Does Linux C language have bits?

Linux C language has bit; in the microcontroller C language, bit is a new keyword, often used to define a "bit variable"; the method of defining bit type data in C language is: 1. Through sbit Or bit definition; 2. Define through bit field (in structure); 3. Define through combined bit operators.

#The operating environment of this tutorial: linux5.9.8 system, Dell G3 computer.

Does Linux C language have bits?

have.

C language defines bit type data:

1. Definition through sbit or bit

sbit is mapped to the IO port (IO such as P1^1 The "bit" of the port)

bit is in the bit-addressable space in RAM and is generally used as a flag bit for program judgment.

Consider that one of them is external (sbit) and the other is internal (bit).

In the microcontroller C language, bit is a new keyword, often used to define a "bit variable"

2. Define through bit fields (in structures)

Definition of bit fields and description of bit field variables Bit field definition is similar to structure definition, and its form is:

　struct bit field structure name

　{Bit field list};

The form of the bit field list is: Type specifier bit domain name: bit field length

For example:

struct bs 
{ 
　int a:8; 
　int b:2; 
　int c:6; 
};

The description of bit field variables is the same as the description of structure variables. You can define first and then explain, define and explain at the same time, or explain directly. For example:

struct bs 
{ 
　int a:8; 
　int b:2; 
　int c:6; 
}data;

It indicates that data is a bs variable, occupying two bytes in total. Bit field a occupies 8 bits, bit field b occupies 2 bits, and bit field c occupies 6 bits. There are several explanations for the definition of bit fields:

1. A bit field must be stored in the same byte and cannot span two bytes. If the remaining space of one byte is not enough to store another bit field, the bit field should be stored from the next unit. You can also intentionally start a bit field from the next unit. For example:

struct bs 
{ 
　unsigned a:4 
　unsigned :0 /*空域*/ 
　unsigned b:4 /*从下一单元开始存放*/ 
　unsigned c:4 
}

In this bit field definition, a occupies 4 bits of the first byte, fill in the last 4 bits with 0 to indicate not used, b starts from the second byte, occupying 4 bits, and c occupies 4 bits Bit.

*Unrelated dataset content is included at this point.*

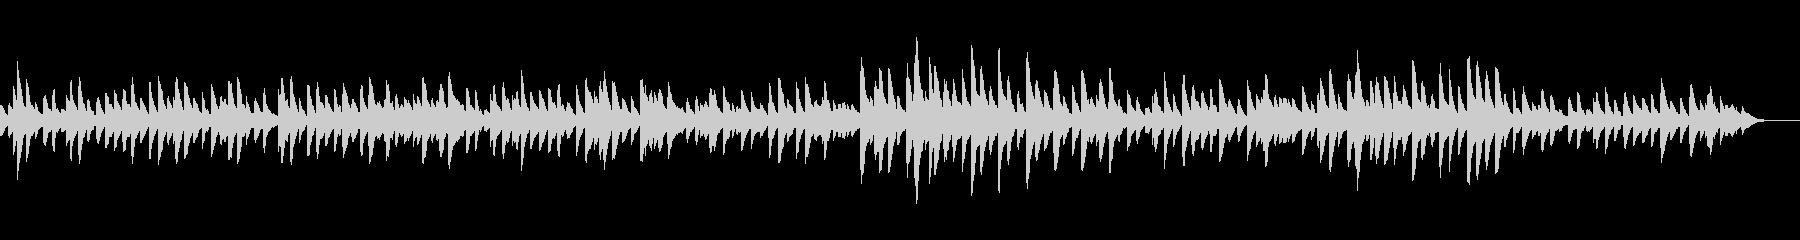 モーツアルトK331のオルゴールの未再生の波形

　2. Since the bit field is not allowed to span two bytes, the length of the bit field cannot be greater than the length of one byte, that is, it cannot exceed 8 binary bits.

　3. The bit field can have no bit domain name. At this time, it is only used for filling or adjusting the position. Unnamed bit fields cannot be used. For example:

struct k 
{ 
　int a:1 
　int :2 /*该2位不能使用*/ 
　int b:3 
　int c:2 
};

From the above analysis, it can be seen that bit field is essentially a structure type, but its members are allocated in binary terms.

2. The use of bit fields

The use of bit fields is the same as the use of structure members. Its general form is: Bit field variable name • Bit domain name Bit fields allow output in various formats.

main(){ 
　struct bs 
　{ 
　　unsigned a:1; 
　　unsigned b:3; 
　　unsigned c:4; 
　} bit,*PBit; 
　bit.a=1; 
　bit.b=7; 
　bit.c=15; 
　printf("%d,%d,%d\n",bit.a,bit.b,bit.c); 
　PBit=&bit; 
　PBit->a=0; 
　PBit->b&=3; 
　PBit->c|=1; 
　printf("%d,%d,%d\n",PBit->a,PBit->b,PBit->c); 
}

The above example program defines the bit field structure bs, and the three bit fields are a, b, and c. The variable bit of type bs and the pointer variable PBit pointing to type bs are explained. This means that bitfields can also use pointers.

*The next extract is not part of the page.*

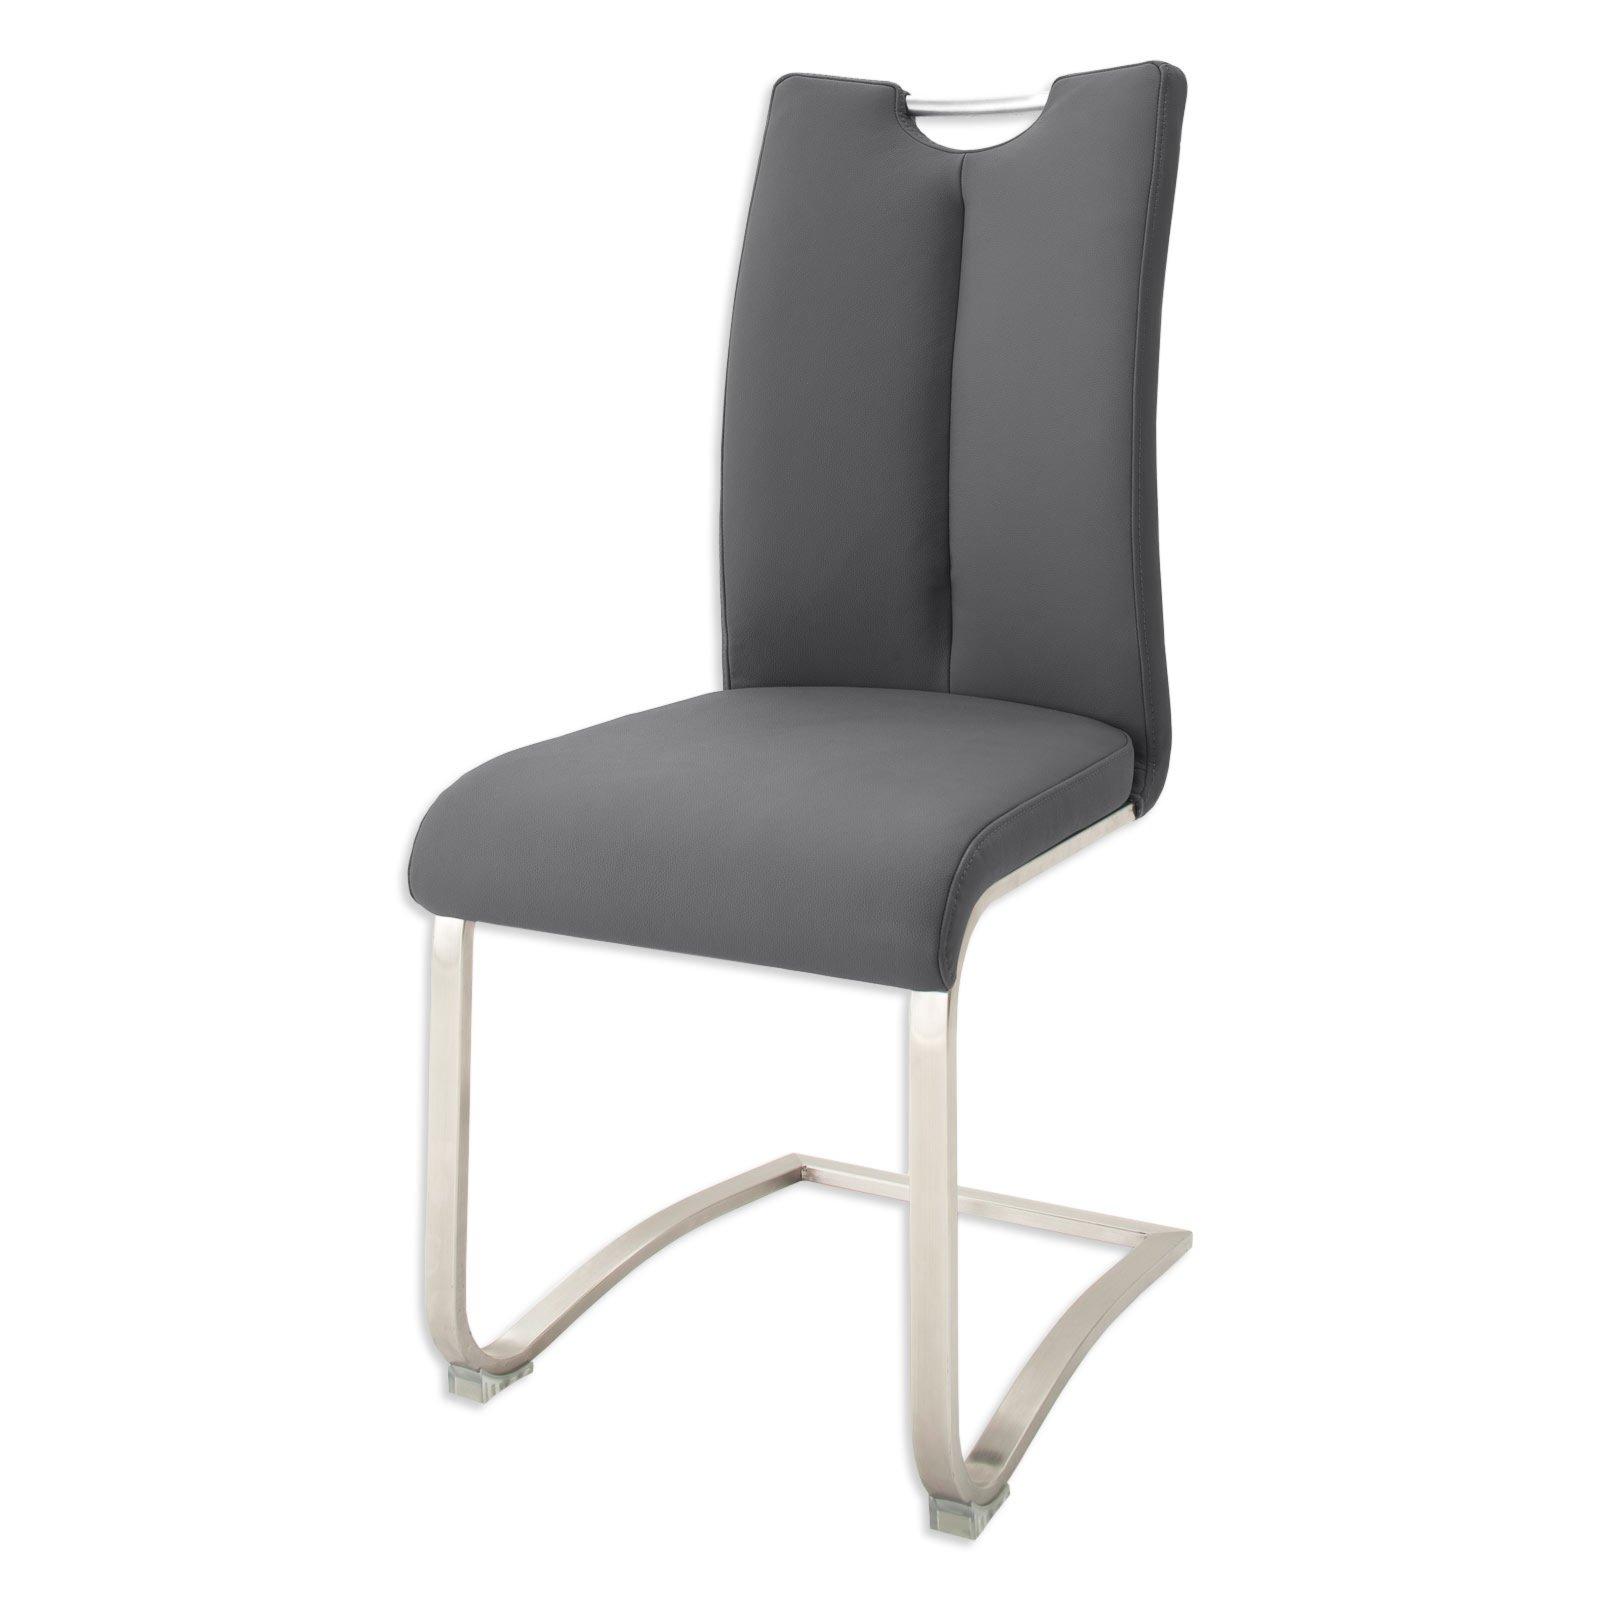 schwinger artos i xl grau freischwinger st hle. Black Bedroom Furniture Sets. Home Design Ideas

Lines 9, 10, and 11 of the program assign values ​​to three bit fields respectively. (It should be noted that the assignment cannot exceed the allowable range of the bit field) Line 12 of the program outputs the contents of the three fields in integer format. Line 13 sends the address of the bit field variable bit to the pointer variable PBit. Line 14 uses a pointer to reassign bit field a to 0. Line 15 uses the compound bit operator "&=". This line is equivalent to: PBit->b=PBit->b&3. The original value in bit field b is 7, and the result of the bitwise AND operation with 3 is 3 (111&011=011, decimal value is 3). Similarly, the compound bit operation "|=" is used in line 16 of the program, which is equivalent to: PBit->c=PBit->c|1 and the result is 15. Line 17 of the program outputs the values ​​of these three fields using pointers.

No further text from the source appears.